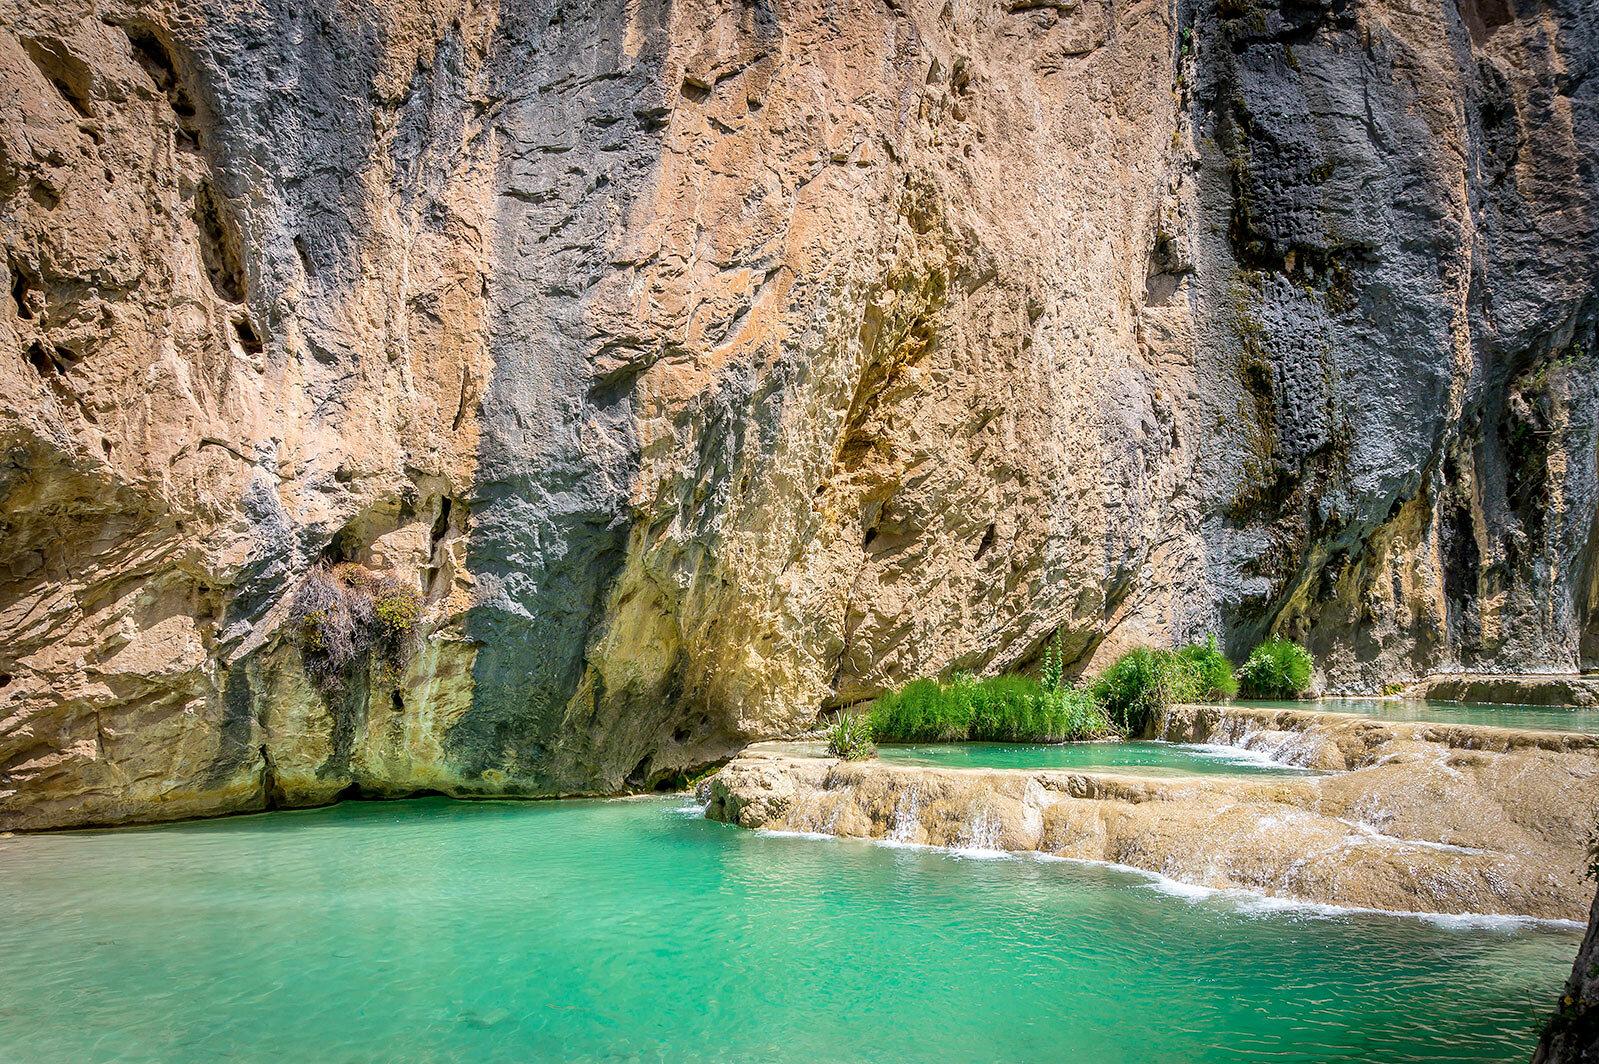 Piscinas color esmeralda y muro de rocas de fondo
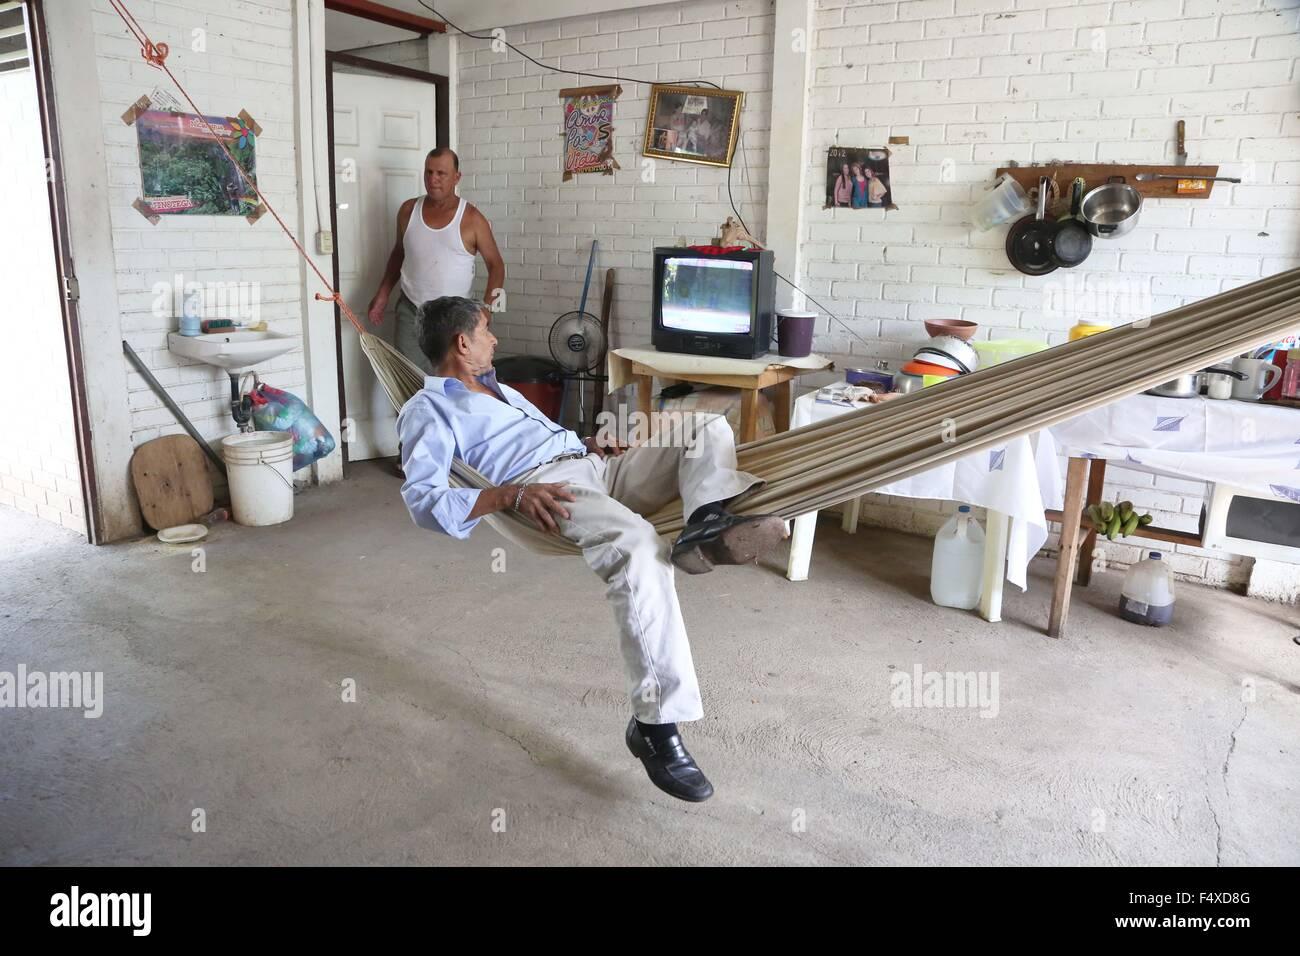 """Managua. 22 Oct, 2015. Imagen tomada en el pasado 22 de octubre, 2015 muestra José Castillo (delantero) descansando en una hamaca en su casa en la ciudadela """"héroes y mártires de nemagón"""" en Managua, Nicaragua. La ciudadela """"héroes y mártires de nemagón"""" fue beneficiado por las """"Casas para el pueblo"""", un programa, implementado desde 2007 y consiste en la construcción y la prestación de servicios sociales a la población de los hogares en situación de pobreza que viven en las zonas rurales y urbanas. © Juan Bustos/Xinhua/Alamy Live News Foto de stock"""
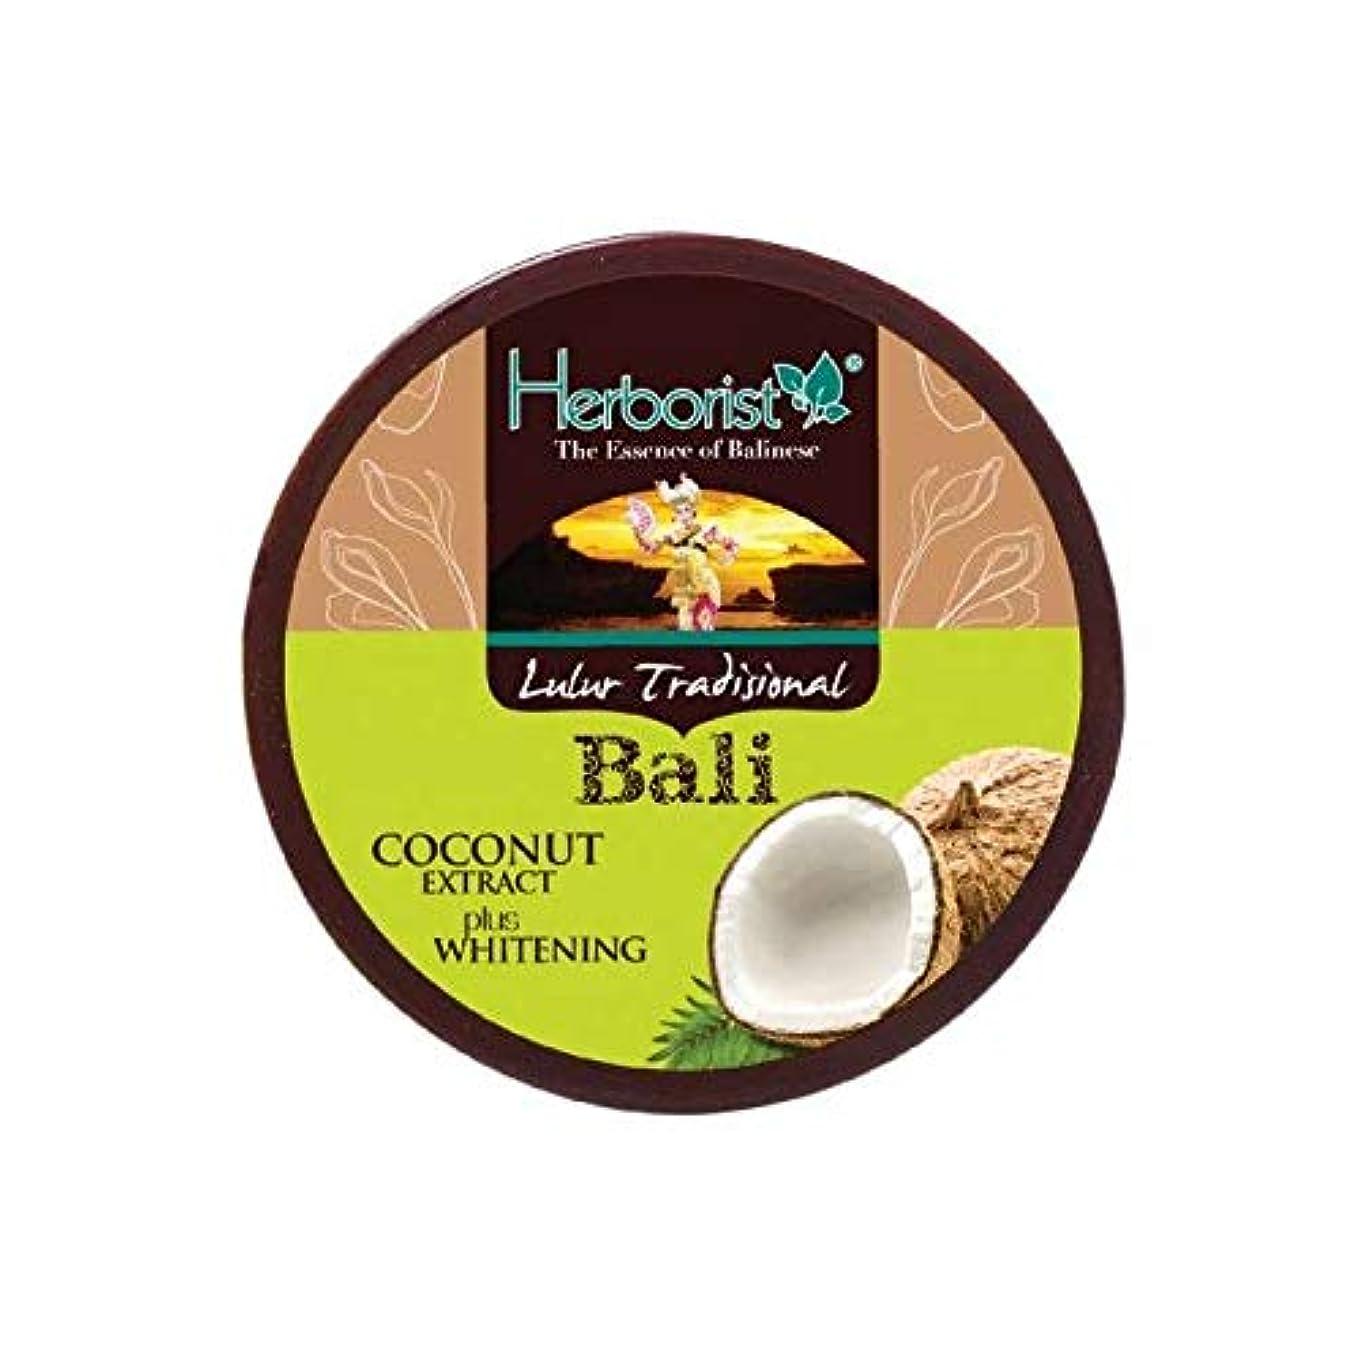 オレンジハロウィンバクテリアHerborist ハーボリスト インドネシアバリ島の伝統的なボディスクラブ Lulur Tradisional Bali ルルールトラディショナルバリ 100g Coconut ココナッツ [海外直送品]
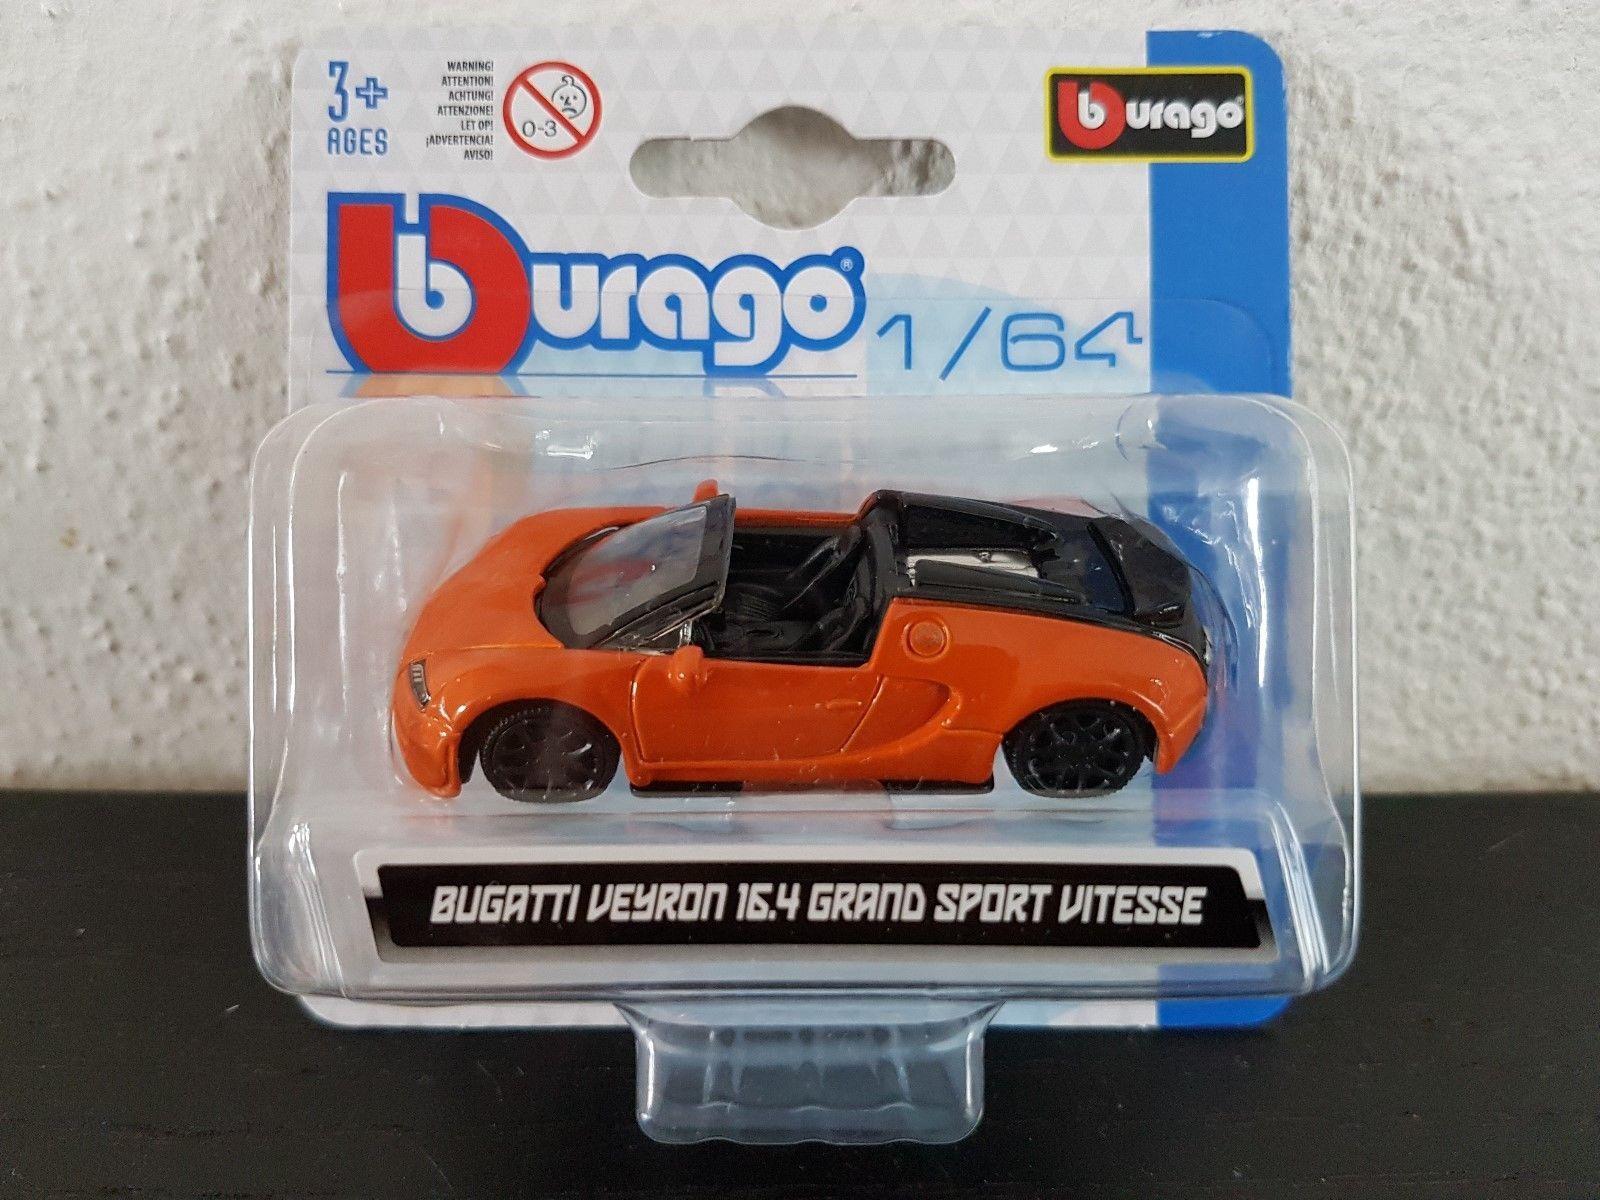 500472ac3ef0180d82c5c4256e3d1b24 Terrific Bugatti Veyron 16.4 Grand Sport Vitesse Prix Cars Trend

WHAT IS NEEDED. Your copy should match the data exactly, apart from the images, which are dropped.

RESPONSE TO THE EXERCISE.
 Piscinas color esmeralda y muro de rocas de fondo
 """Managua. 22 Oct, 2015. Imagen tomada en el pasado 22 de octubre, 2015 muestra José Castillo (delantero) descansando en una hamaca en su casa en la ciudadela """"héroes y mártires de nemagón"""" en Managua, Nicaragua. La ciudadela """"héroes y mártires de nemagón"""" fue beneficiado por las """"Casas para el pueblo"""", un programa, implementado desde 2007 y consiste en la construcción y la prestación de servicios sociales a la población de los hogares en situación de pobreza que viven en las zonas rurales y urbanas. © Juan Bustos/Xinhua/Alamy Live News Foto de stock"""
 オレンジハロウィンバクテリアHerborist ハーボリスト インドネシアバリ島の伝統的なボディスクラブ Lulur Tradisional Bali ルルールトラディショナルバリ 100g Coconut ココナッツ [海外直送品]
 500472ac3ef0180d82c5c4256e3d1b24 Terrific Bugatti Veyron 16.4 Grand Sport Vitesse Prix Cars Trend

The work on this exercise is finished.